In unserer flüssigen Arbeitswelt zerfließen die Grenzen zwischen Arbeit und Freizeit, Performance und Spiel. Die Digitalisierung macht Arbeit zunehmend ort- und zeitlos. Menschen arbeiten in der Digitalen Moderne mehr denn je multilokal und situationselastisch – im Büro, von unterwegs aus, im Coworking Space, im Home Office usf. – schon heute werkelt bereits über die Hälfte der weltweit Beschäftigten mindestens 2,5 Tage außerhalb ihres Büros (IWG Global Workspace Survey, 2019).

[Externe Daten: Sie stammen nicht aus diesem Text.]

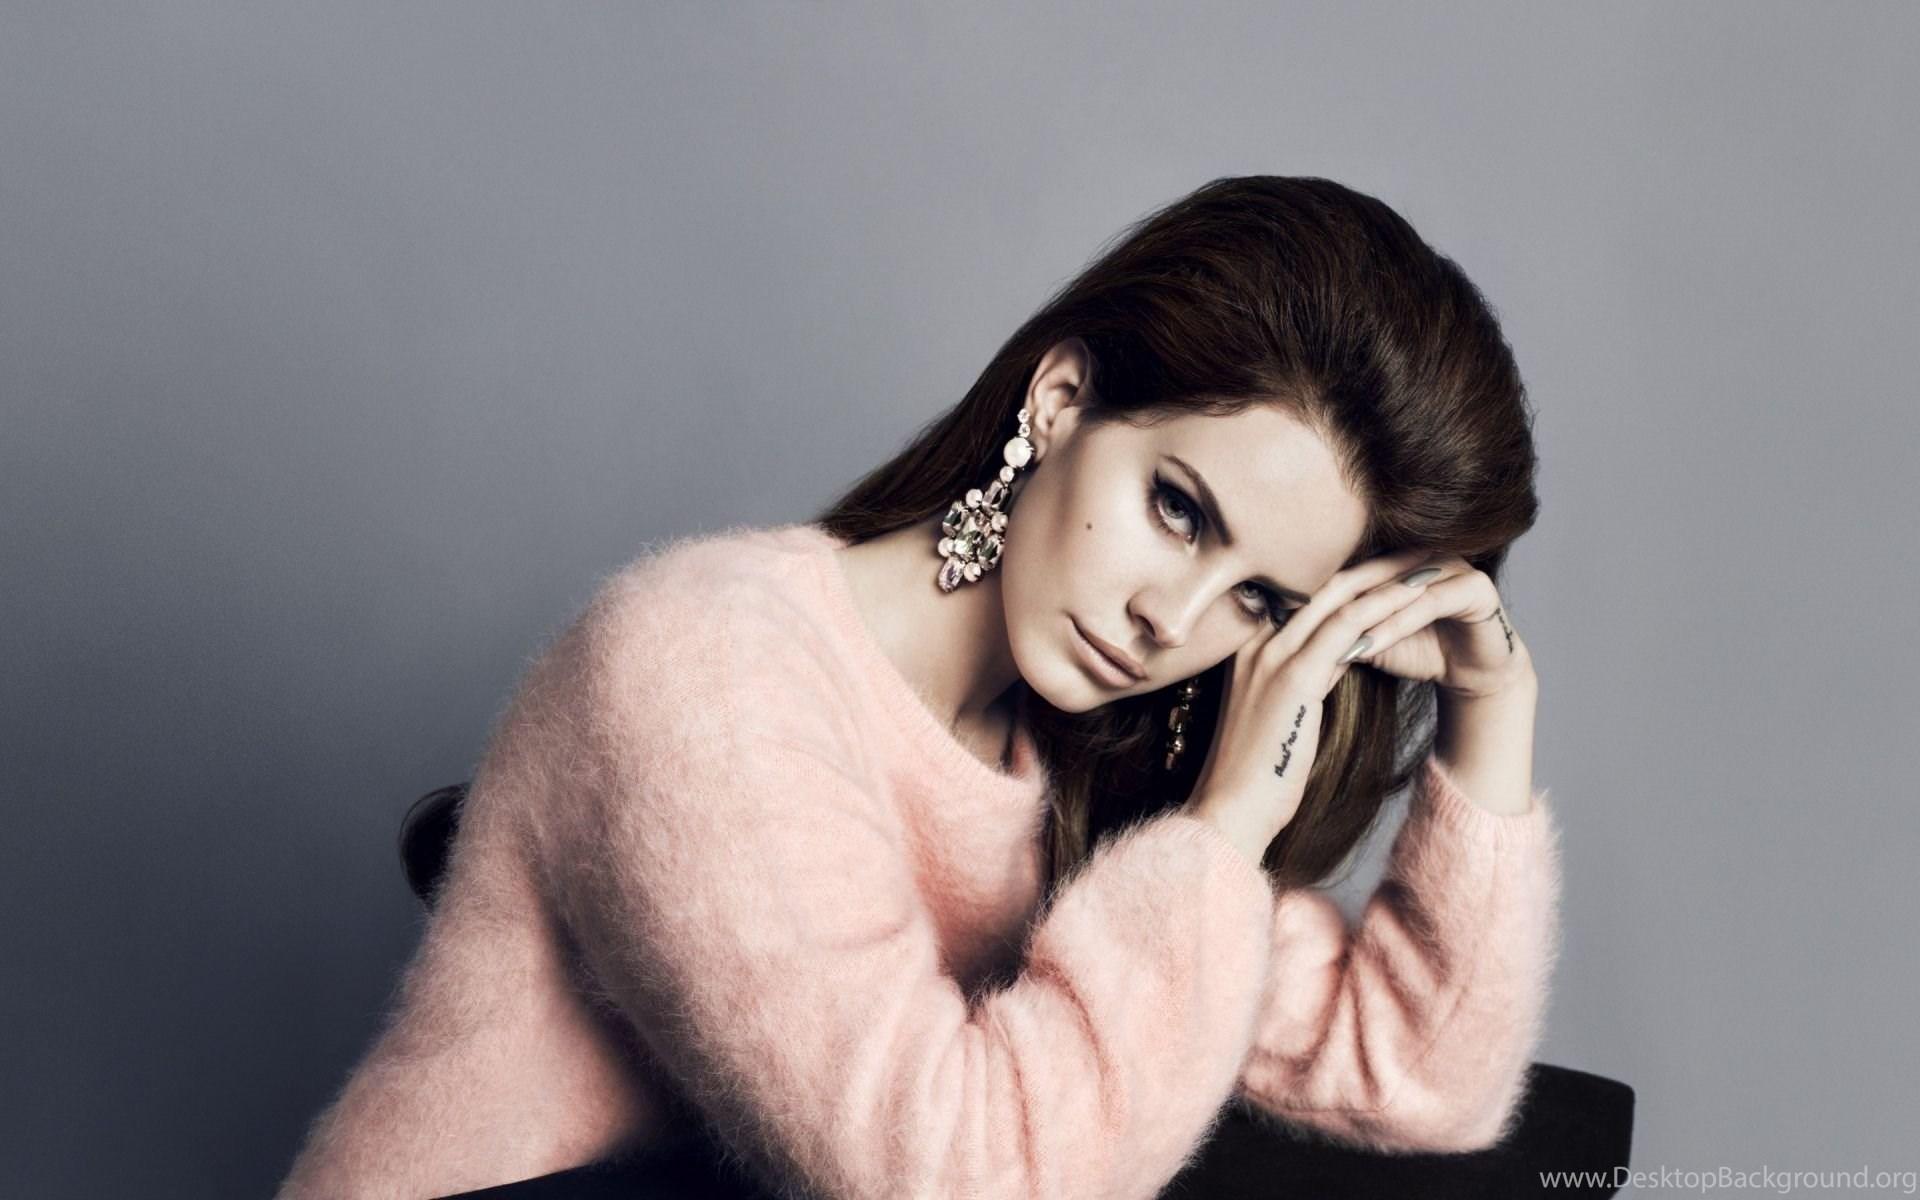 Wallpapers Hd Beautiful Lana Del Rey Hd Wallpapers Expert Desktop

Die Dezentralisierung der Arbeit geht einher mit ihrer Flexibilisierung. Anytime, anywhere. Noch stemmen sich die Verteidiger der alten Ordnung mit Regulatorien wie Arbeitszeiterfassung etc. gegen die neue Unordnung. Eine digitale Plattform-Ökonomie, in der Wertschöpfung branchenübergreifend und ubiquitär generiert wird, erfordert jedoch flüssige individuelle Modelle. Die digitale Transformation ist in erster Linie eine kulturelle: Unternehmen werden zu agilen Organisationen, aus vertikalen Hierarchien und Ab-Teilungen bilden sich flexible, projektorientierte Netzwerke, die virtuell gesteuert werden. Die Grenzen zwischen Angestellten und Selbständigen sind fließend („Intrapreneurship“). Output ersetzt Präsenz, individualisierte Job-Modelle (4-Tage-Woche, Tandem-Jobs etc.) setzen sich künftig verstärkt durch.
Der wahre Paradigmenwechsel aber erfolgt durch den Einsatz von künstlicher Intelligenz und Automatisierung. Sprach-Assistenten, Bots und Algorithmen übernehmen immer mehr operative Tätigkeiten im Job – die Rollen zwischen Mensch und Maschine werden neu verteilt. KI schafft nicht nur, sondern kostet auch Jobs – seriöse Prognosen gehen von ca. 10 Prozent aus, wobei hier auch – zumindest bis 2030 – der demografische Wandel abgefedert wird. Teamwork von morgen bedeutet somit auch ein neues Co-Working, ein Zusammenspiel von Mensch und Künstlicher Intelligenz, Robotik & Co. – darauf sind viele Organisationen noch nicht wirklich vorbereitet.
Wenn Arbeit zunehmend ort- und zeitlos wird, dann verändert sich auch der Arbeits-Ort. Die Arbeit zieht ebenso ein in unsere Freizeit wie auch umgekehrt. Arbeit wird decodiert und in einer kreativen Wissensgesellschaft mit spielerischen (Freizeit-)Elementen aufgeladen. „Arbeit hat ihren Ort gewechselt, vom Universum der Ordnung und Zukunftskontrolle ins Reich des Spiels“ (Andreas Reckwitz).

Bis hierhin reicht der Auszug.